Abraham was a man like any other. He was just a man in Ur of the Chaldeans. But one day God called him. God called him to leave behind father and mother and country and go where God called him. And, amazingly, Abraham went.

Abraham shows us Jesus. God called his only Son to journey into the far country, to leave home and follow His voice by faith as the true Abraham.

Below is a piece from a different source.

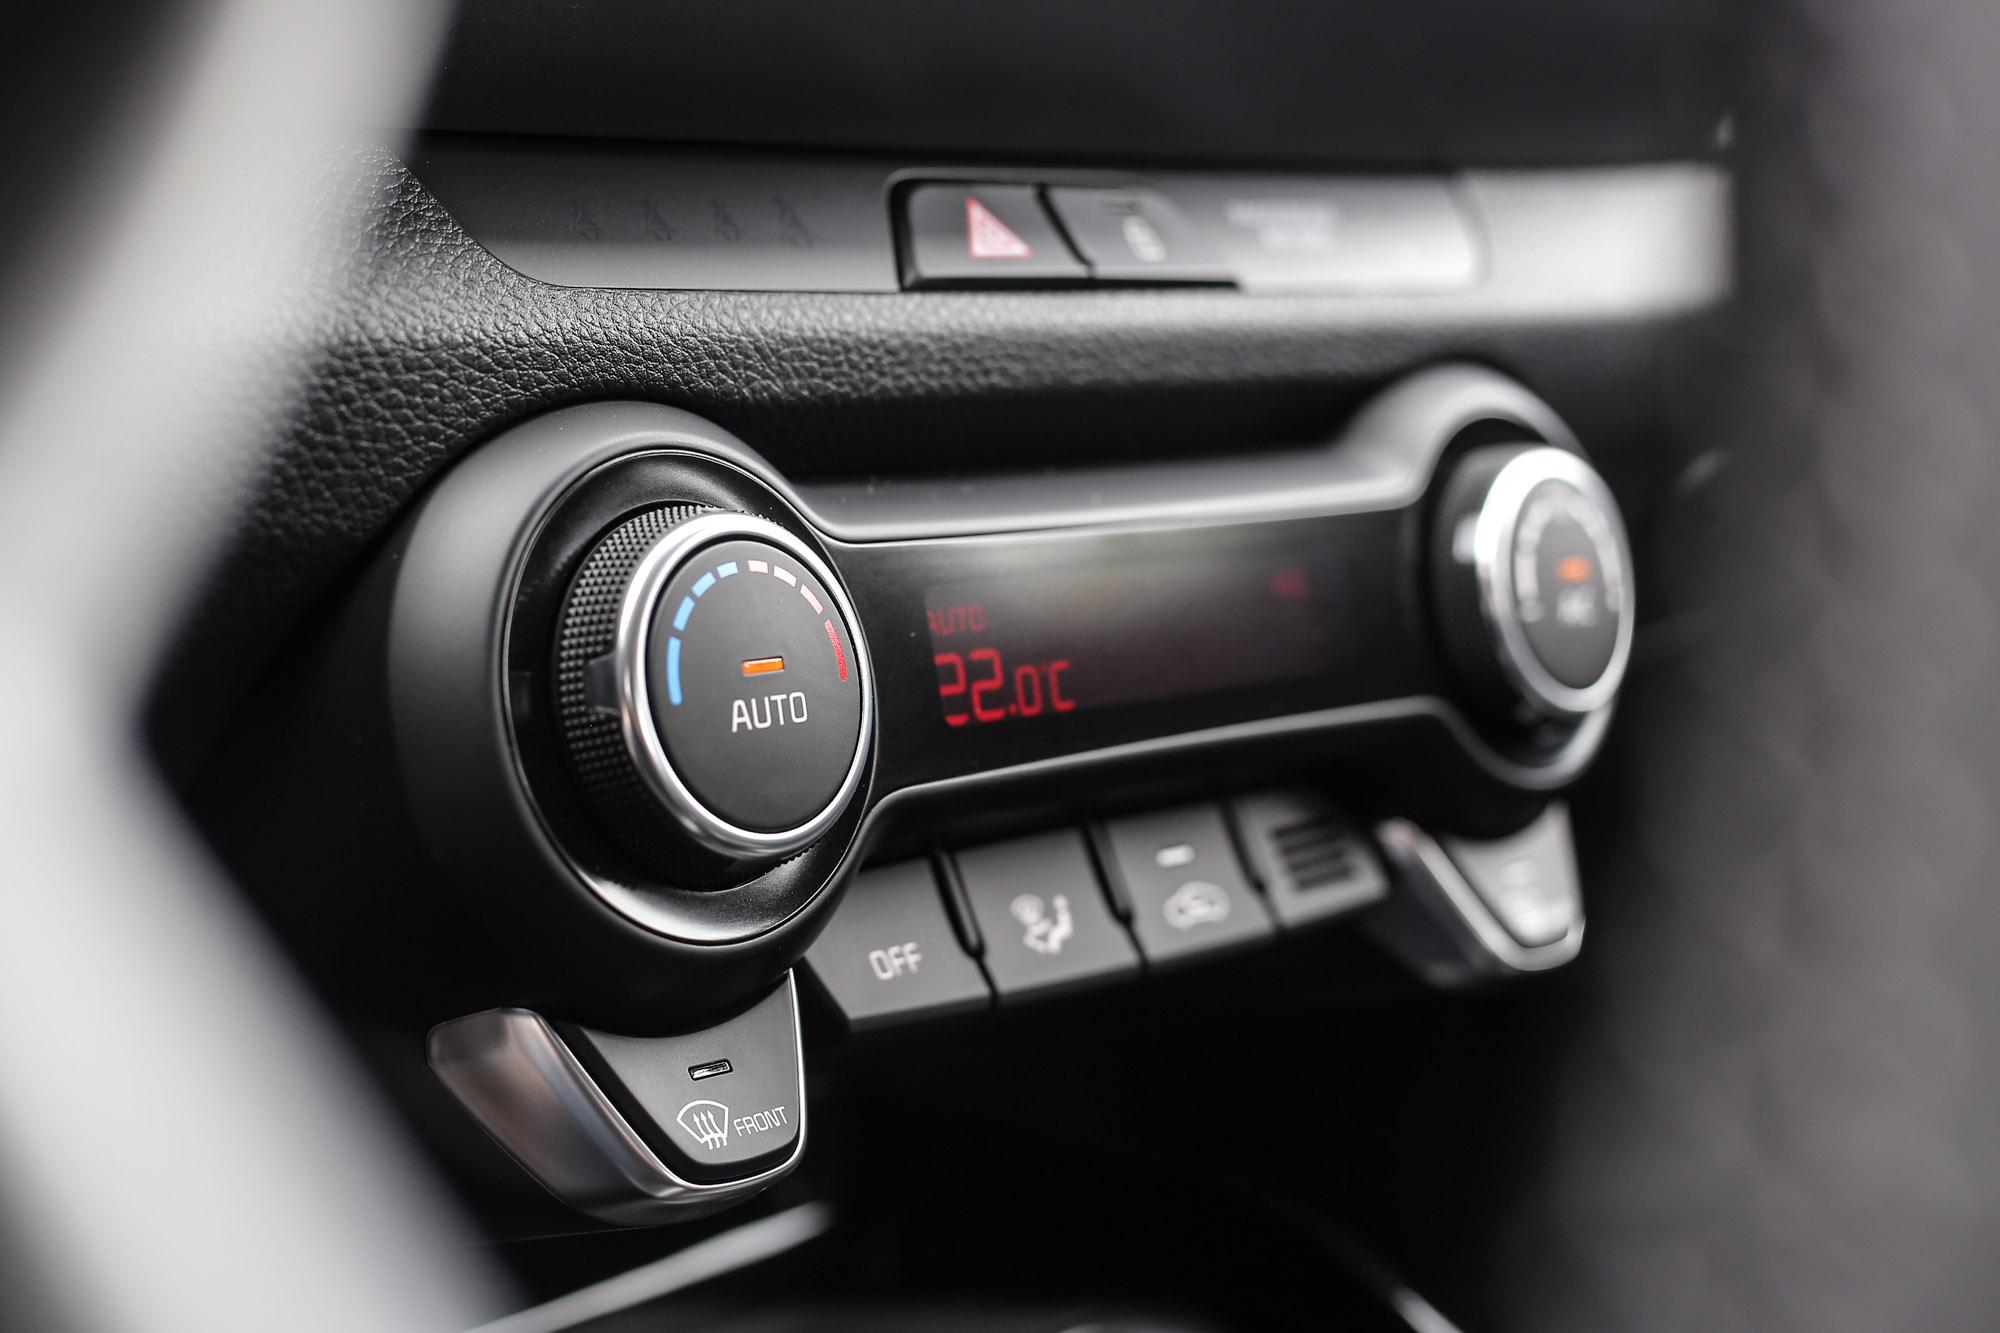 操控直覺、觸感優異的空調區塊是我整個座艙最喜歡的部分。
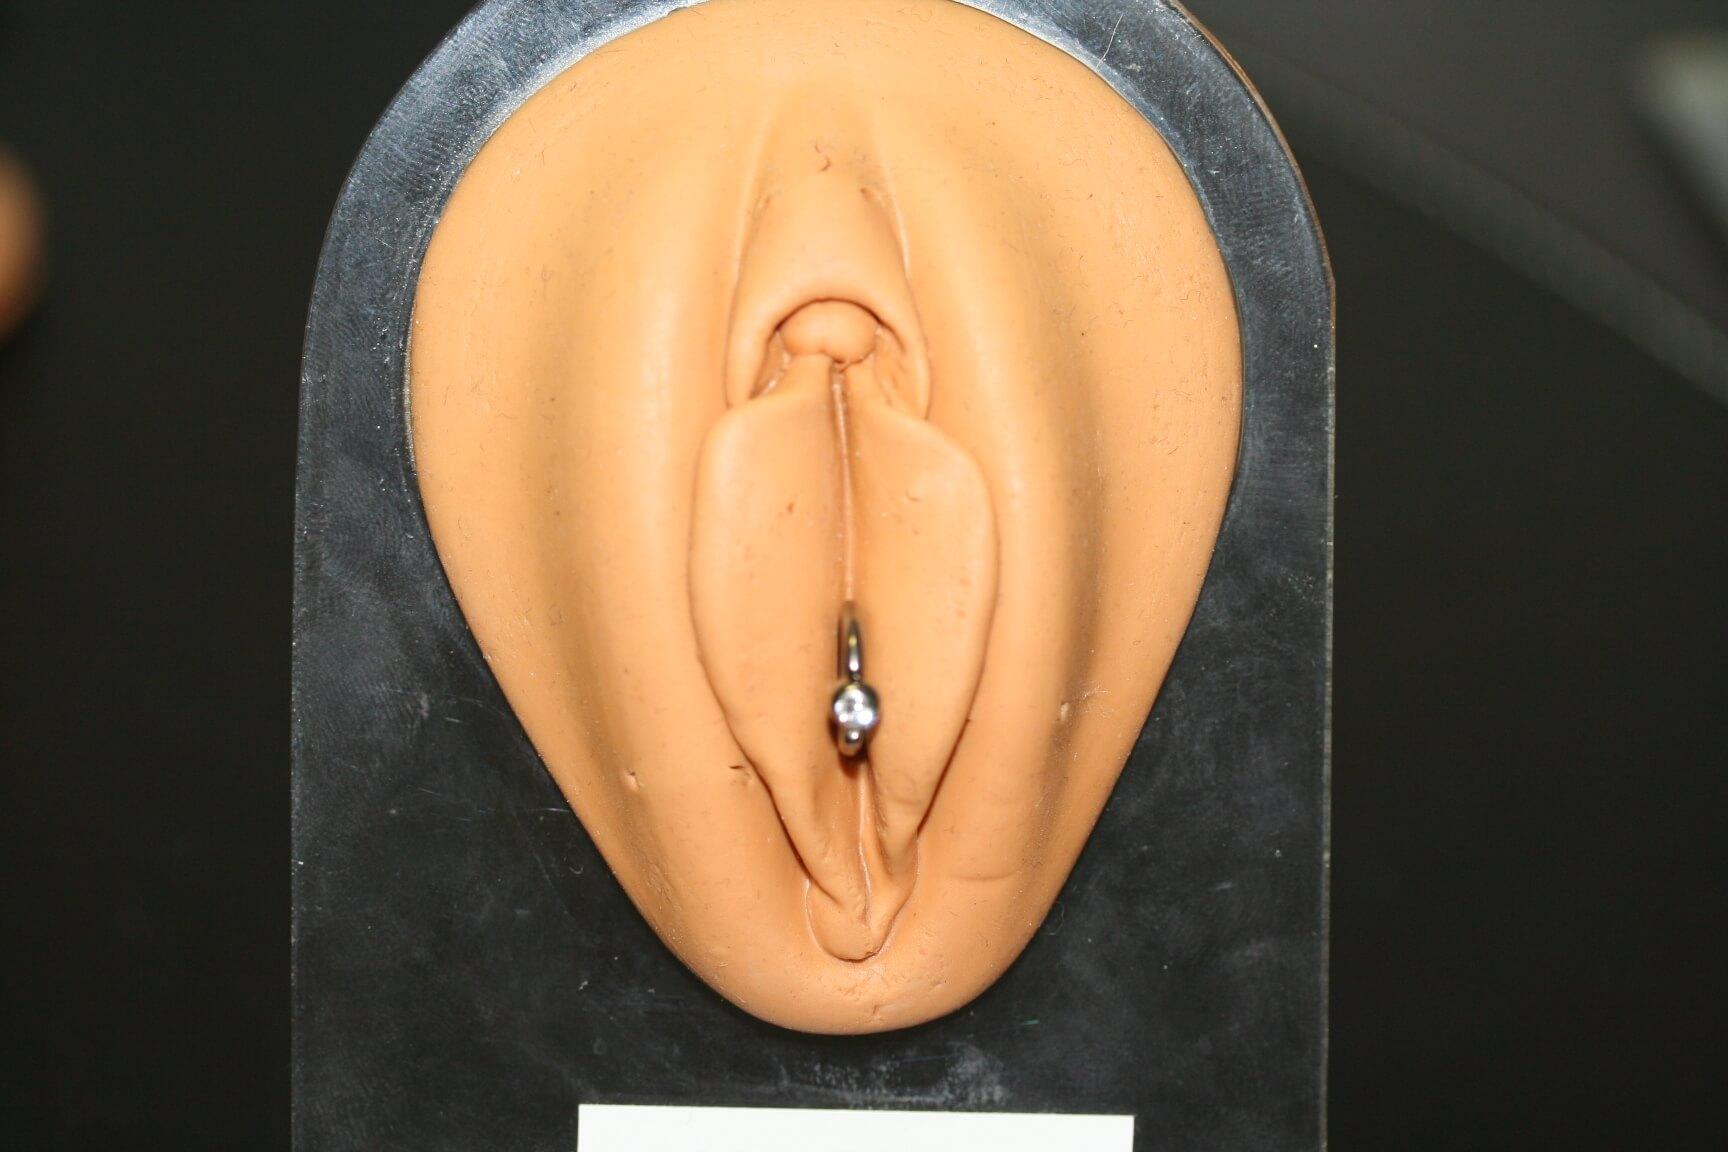 genitalpiercings frau

When Isaac grew-up, God provided a wife for him. Abraham sent his servant to the land of his fathers to find the wife for Issac God had chosen. By God’s intervention, the servant found Rebecca, and Isaac married her and loved her.

Isaac shows us Jesus. Jesus is the Son for whom God provides a wife. And His bride is the church.

Isaac’s son, Jacob, saw angels ascending and descending from heaven to earth and from earth back to heaven. Another time, an angel met him on the road and he wrestled with him, and Jacob was convinced afterward that he had wrestled with God. The angel blesses Jacob, and renames him Israel.

Jacob shows us Jesus. Jesus is the ladder that joins heaven and earth, and he is the one we see when we see God. Jesus is also the true Israel, the one who God blesses.

All these men, whose lives foreshadowed the coming glory of the Messiah, died in faith without seeing their story’s completion. We have seen it in Jesus Christ. Yet we too await the story’s final completion in Christ’s second coming. This Advent, we rejoice with the patriarchs in remembering Christ’s first coming, and with them we faithfully await his glorious return.

-Micah Hogan, Seminarian at Nashotah House

Week 2

“Behold, the days are coming, says the LORD, when I will raise up for David a righteous Branch, and he shall reign as king and deal wisely, and shall execute justice and righteousness in the land. In his days Judah will be saved, and Israel will dwell securely. And this is the name by which he will be called: ‘The LORD is our righteousness.’” (Jeremiah 23:5-6 RSV).

Advent is a season of joyful and hopeful anticipation. During this time, we patiently await the celebration of the birth of the King of kings, Jesus Christ, into this world. Children eagerly wait and watch as Christmas decorations are brought out, lights are hung, and trees are decorated. 

The four weeks of Advent seem like a thousand years as the children wait for presents to appear under the sparkling spruce that has taken residence in the living room. These weeks of longing serve as a symbol of Israel’s longing over thousands of years for the coming of the Messiah.

This span of time was all too familiar for the prophets that God selected to tell of the Messiah’s coming. The prophets were not always received well. How could they be? Many generations passed between their prophecies and Jesus’ arrival. Of those whose ears were graced with the words from Jeremiah’s mouth, none lived to see their savior appear. Which brings us to a reminder for our modern ears: one who is greater than all the prophets, Jesus Christ, himself, has foretold his coming again. We are now the prophets in the new nation of Israel, God’s people, who are tasked with telling the world that a king who is worthy to bring justice and righteousness, who will come to save his people, will once again walk this earth. No matter how many generations must pass before his coming again, the arrival of Christmas at the end of Advent is a reassurance that he will in fact come to fulfill his prophecy.


-Mark Brown, Seminarian at Nashotah House

Week 3

This week we gathered at the Advent wreath and lit the pink candle which represents John the Baptist. We even wore pink . . . er . . . rose vestments to mark the occasion. So. What is the Baptist’s significance? Stephen Schwartz’s musical, Godspell, based on the Gospel according to St. Matthew, opens with John the Baptist blowing a shofar to get the attention of the community and singing the familiar “Prepare ye the way of the Lord.” He repeats this refrain with increased volume until the entire assembled cast joins in a crescendo of singing and dancing. 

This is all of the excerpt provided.